No need to be mean to her (which, actually, her sons are doing- yelling at her and being inconsistent in enforcing their agreements, which is why she “baby monkeys” them), just establish clear guidelines under which you are willing to maintain a relationship with her. And then stick with them. It will actually probably make her feel safer.

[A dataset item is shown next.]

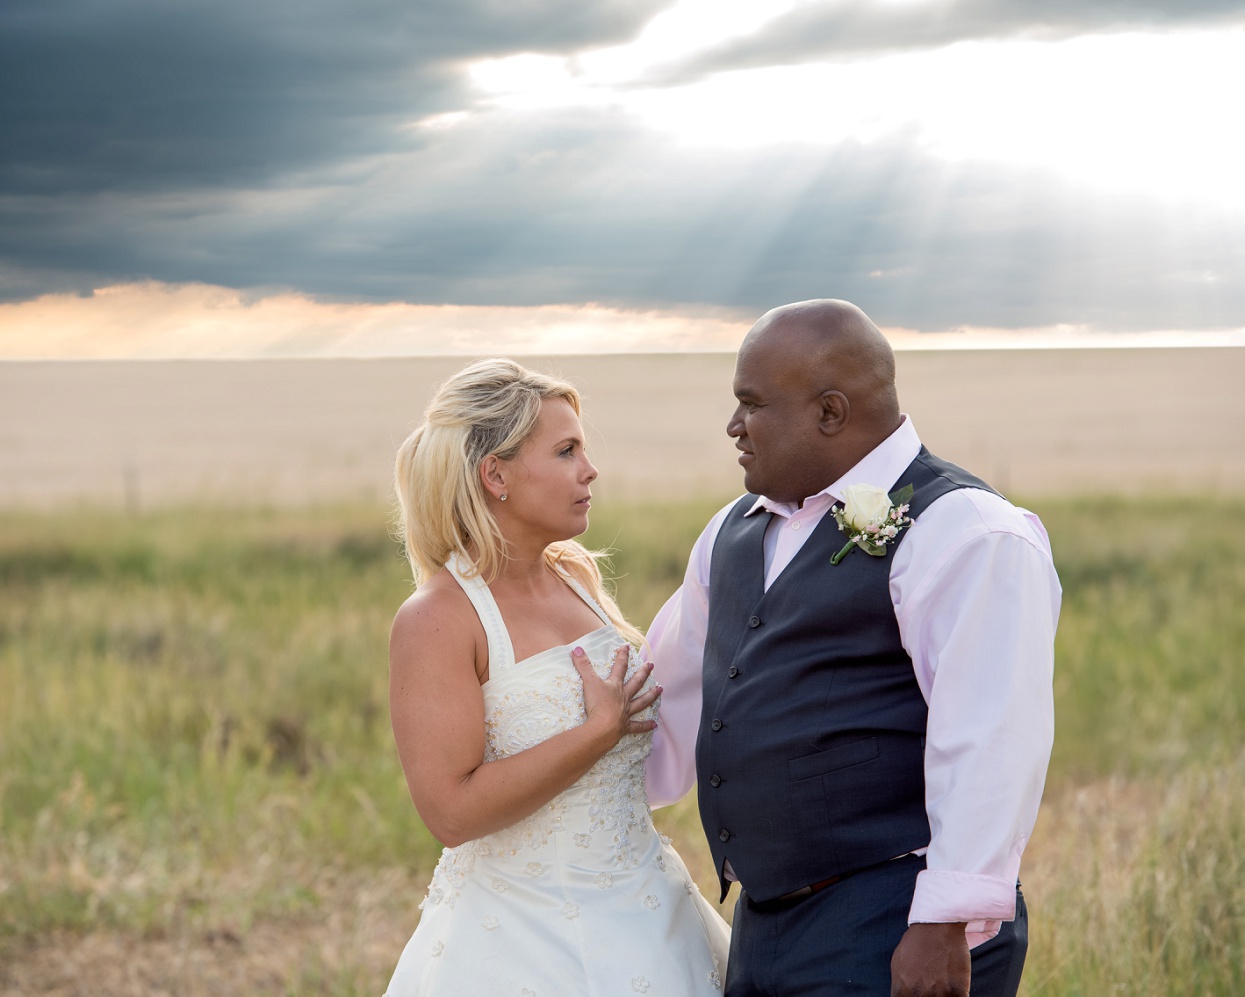 Beautiful Colorado plains sunset wedding photos

Also- you might want to check out the book Hold Me Tight. It’s a great book about relationships (not just marital ones) where the author talks about how we behave when we feel that our primary relationships are threatened. People often lash out or act out in an attempt to get attention and re-establish the bond (which is what baby monkeys do when their mothers aren’t paying enough attention to them). Since your FMIL’s primary (and only, it seems) relationships are with her sons, she’s going to be pretty obsessive about maintaining them in a way that makes her feel safe. That book might be illuminating for all of you (and especially her). She clearly needs some therapy, but if she’s not going to do things to help herself, at least the rest of you can do things that will shift the dynamics and keep yourselves sane.

Post # 26
Member
884 posts
Busy bee
  • Wedding: August 1983

Get over to DWIL right away.

Post # 28
Member
72 posts
Worker bee

You have to always remember that, that your relationship is not with your family’s, it is with each other. If you allow your family to pull you apart then you fail. Live is shared between two people and it is why you love who you love. It is an unmistakeable force that drives people together and along there path to each other. Reduce the stress and leave the family at the table and stay on your path to each other. 

Love has a mysterious why of showing you direction. And self love is where love really starts, hating the people around you and being hurtful to them is like placing puddles of water that you will always have to step over. 

Post # 29
Member
8168 posts
Bumble Beekeeper

greeneyedgal13 : 

The fact that you and your BIL’s  gf are experiencing the same thing is potentially useful. Can  you all  four of come up with a plan of sorts as to what you are and are not be OK with? So that none of you will answer daytime texts for eg, or after a certain time of night  and/or that certain subjects are off limits ( it’s high time your Brother-In-Law left home too btw)

Actually though , I think family counselling , ie all five of you,  would  be the best form of help .  

Post # 30
Member
1330 posts
Bumble bee

This is why my Mother-In-Law doesn’t have my contact information. People with boundary issues end up on a much shorter leash than other people, either as a precaution or a response.

Definitely change your locks and start referring her to your Fiance with any of her questions, or just have him respond when she asks you stuff. If he wants to have an unhealthy and invasive relationship with her, at least you aren’t forced to.